◆ **TASK BRIEF**:
From the listing below, reproduce exactly the lines starting with the one with "Repeler emoción conservador" and going on through the one with "Places of Style", both ends kept. No picture is copied.

◆ **DATA FOR THE TASK**:
((
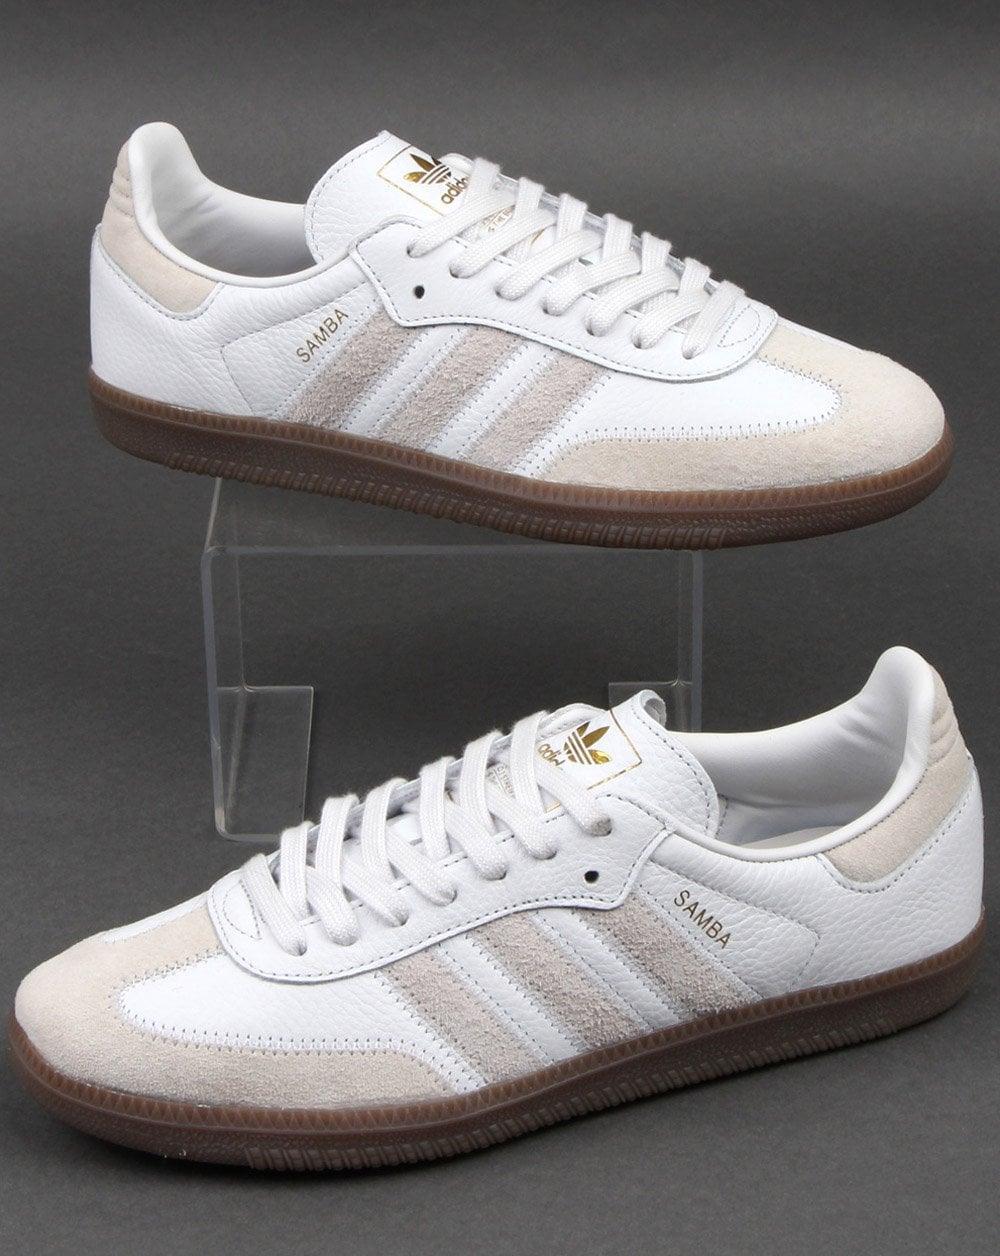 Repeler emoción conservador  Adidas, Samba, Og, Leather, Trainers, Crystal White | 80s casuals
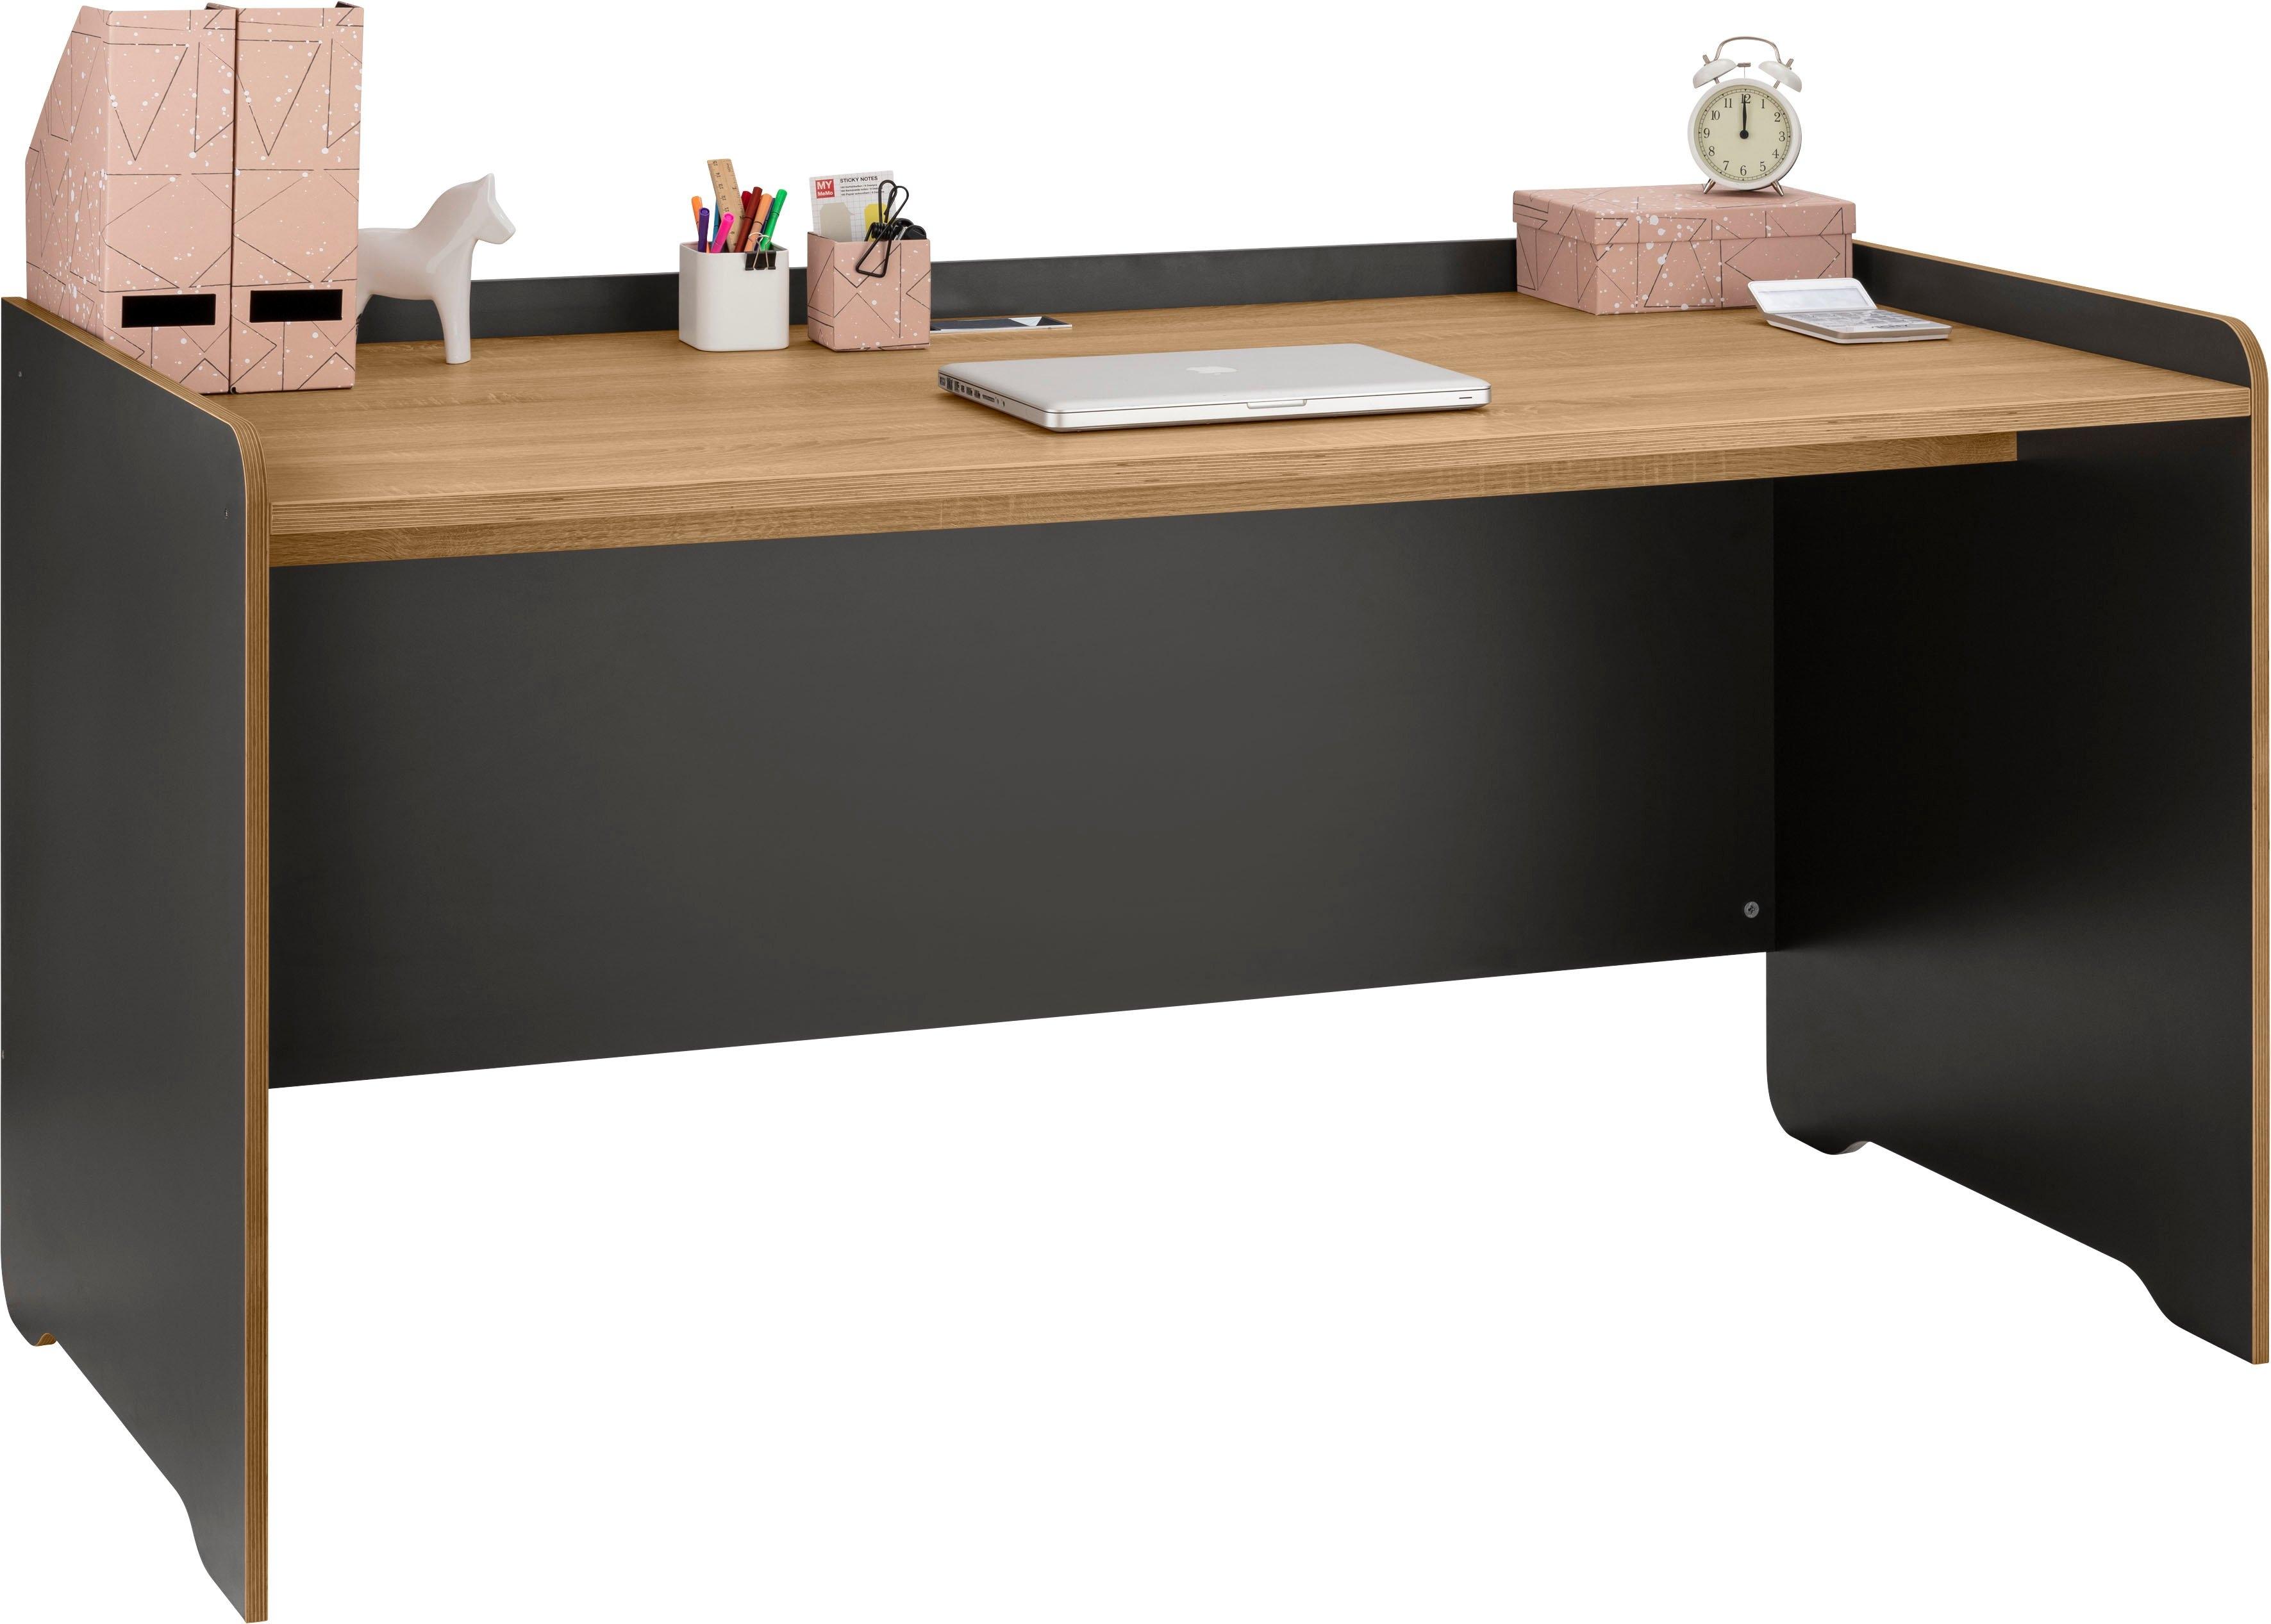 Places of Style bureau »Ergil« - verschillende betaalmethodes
))
((
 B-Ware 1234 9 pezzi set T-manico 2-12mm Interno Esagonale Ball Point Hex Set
))
◆ **EXERCISE RESULT**:
 Repeler emoción conservador  Adidas, Samba, Og, Leather, Trainers, Crystal White | 80s casuals
 Places of Style bureau »Ergil« - verschillende betaalmethodes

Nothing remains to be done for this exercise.